=== Begin Enclosure ===

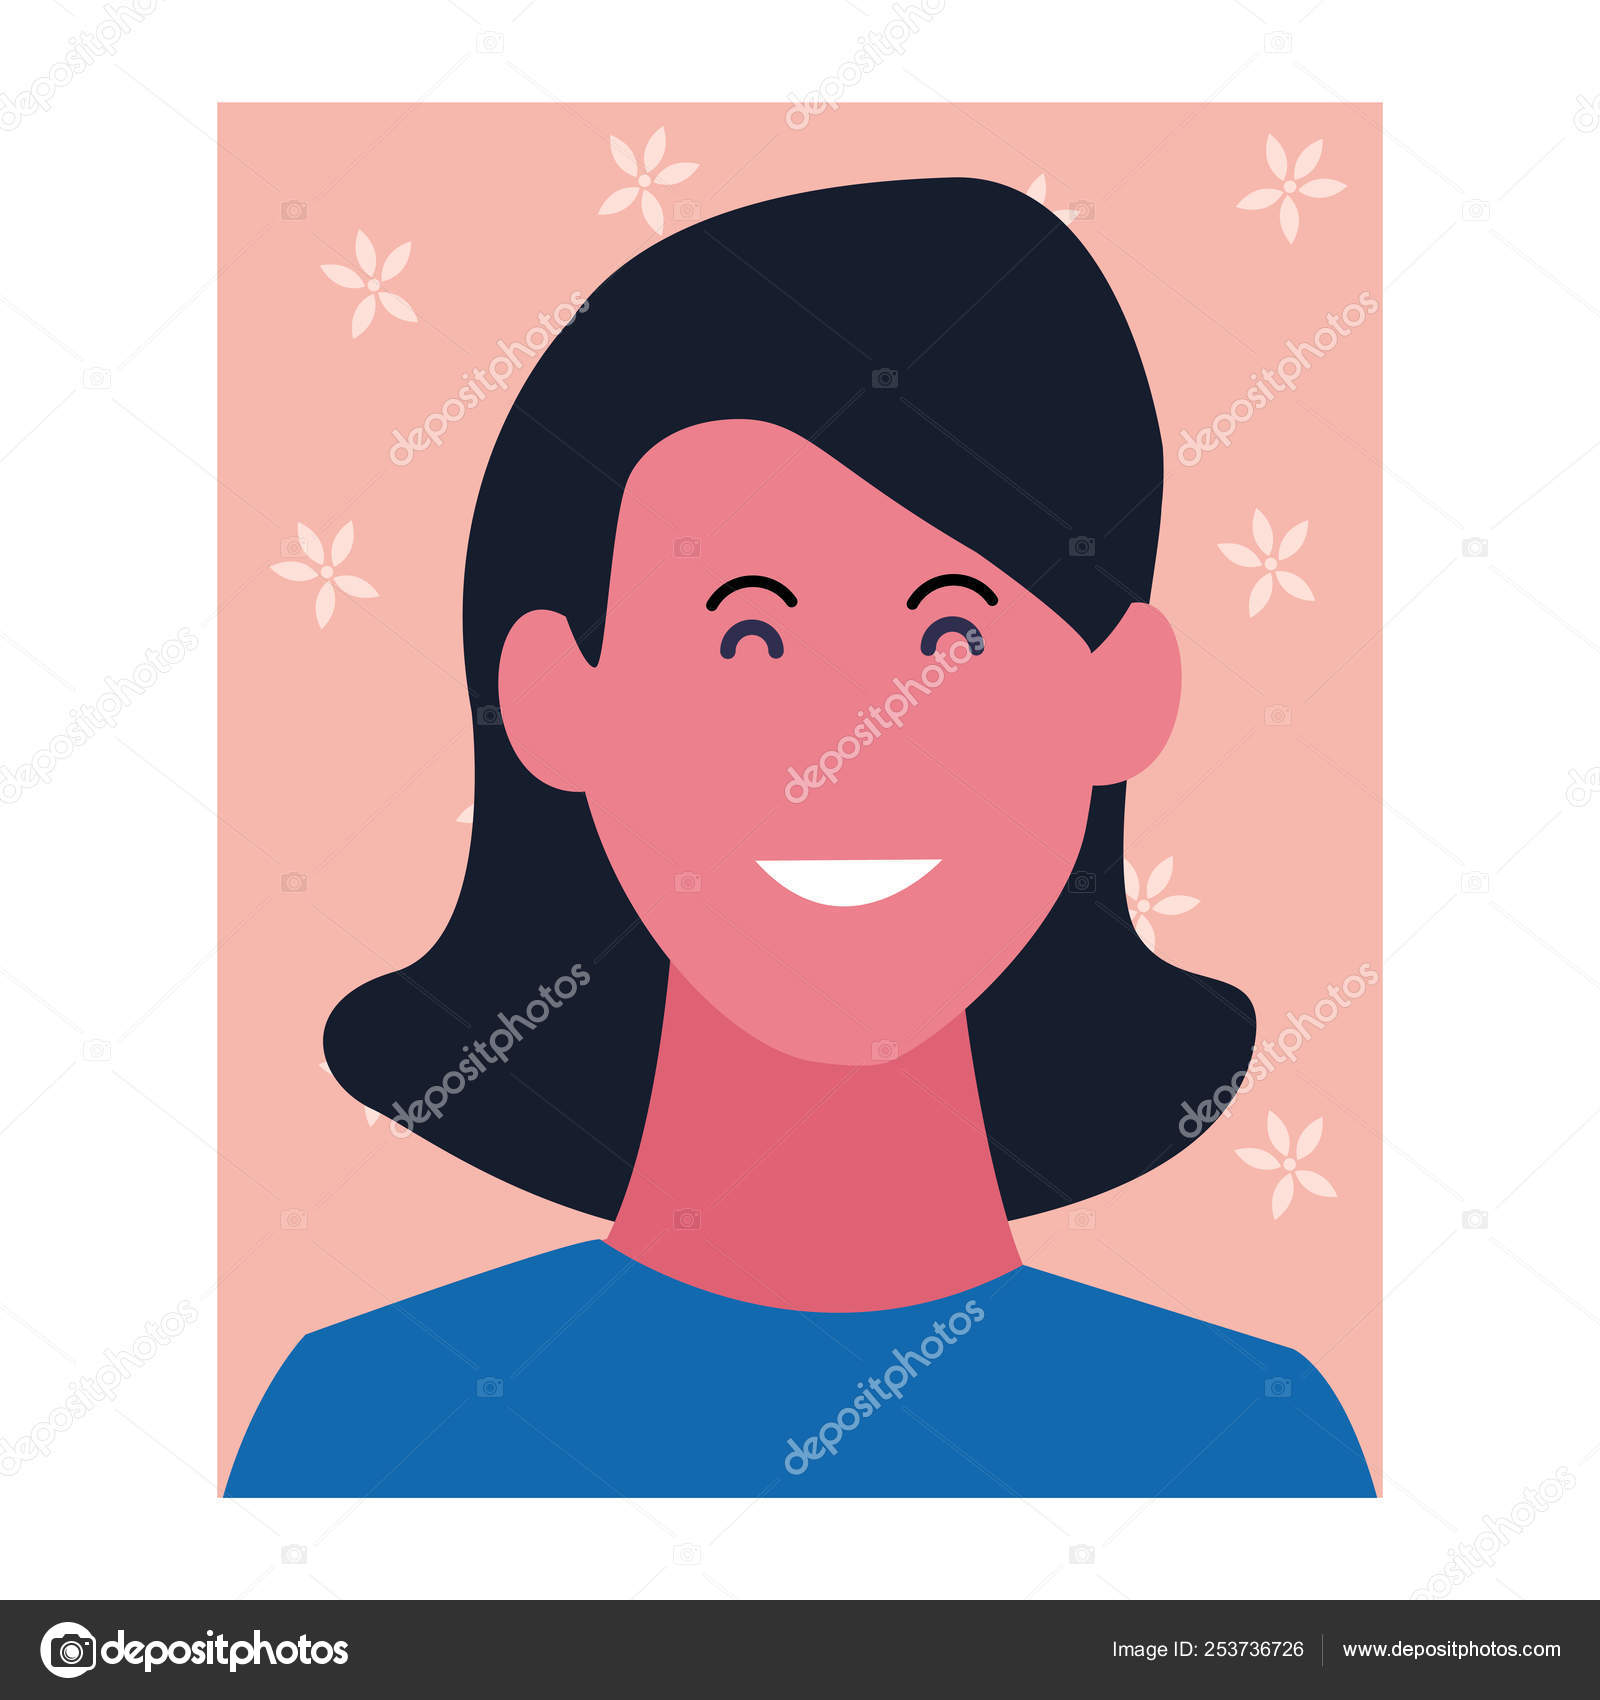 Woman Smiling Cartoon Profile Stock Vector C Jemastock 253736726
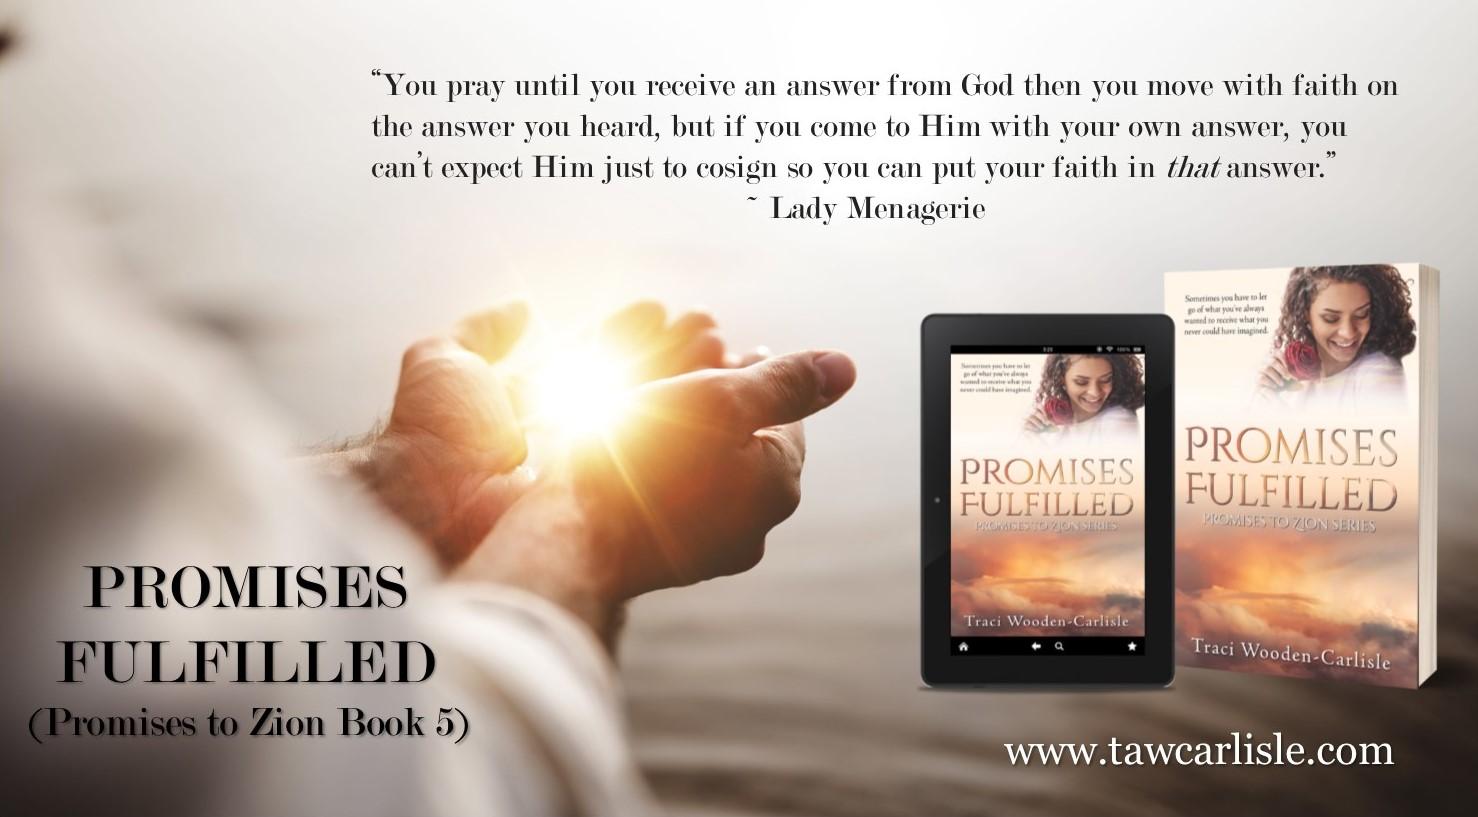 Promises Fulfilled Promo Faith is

=== End Enclosure ===
=== Begin Enclosure ===

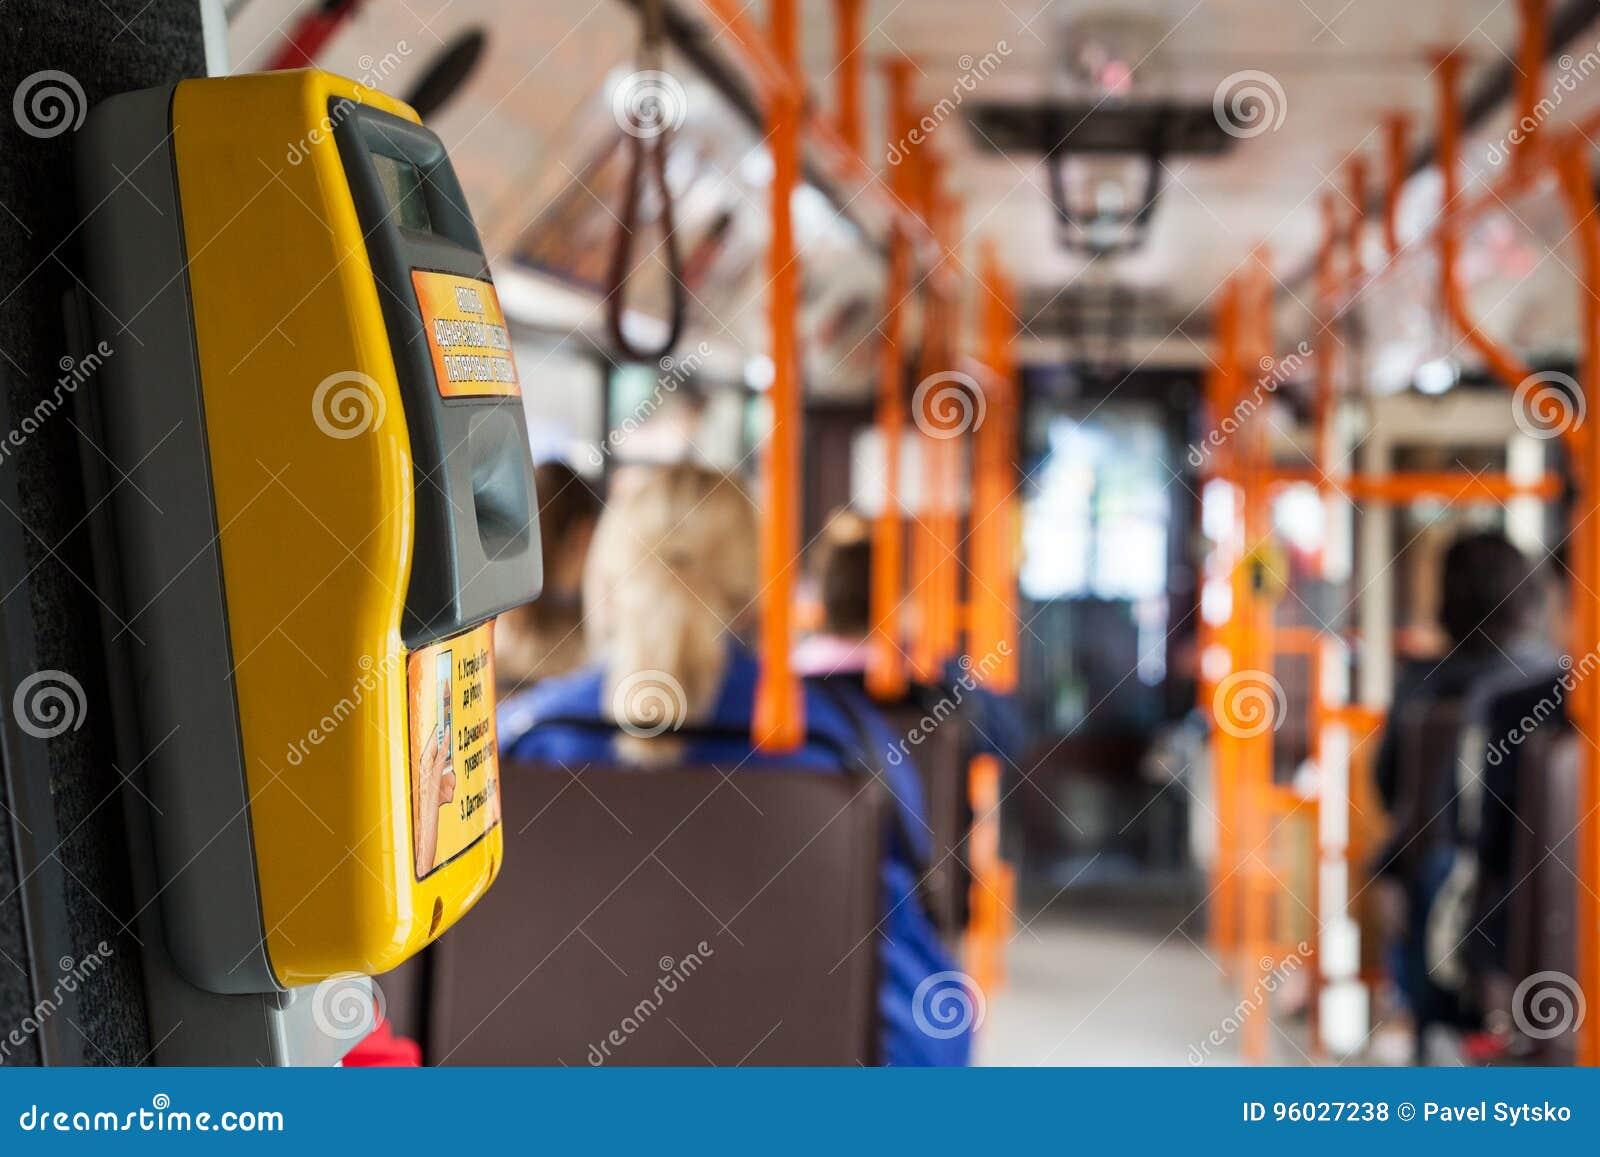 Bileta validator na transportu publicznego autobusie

=== End Enclosure ===

#### [Exercise brief]
Return word for word the lines of the listing above, starting at the line with "Woman Smiling Cartoon" and ending at the line with "Promises Fulfilled Promo Faith is", both included. Pictures do not belong in the copy.

#### [Answer section]
 Woman Smiling Cartoon Profile Stock Vector C Jemastock 253736726
 Promises Fulfilled Promo Faith is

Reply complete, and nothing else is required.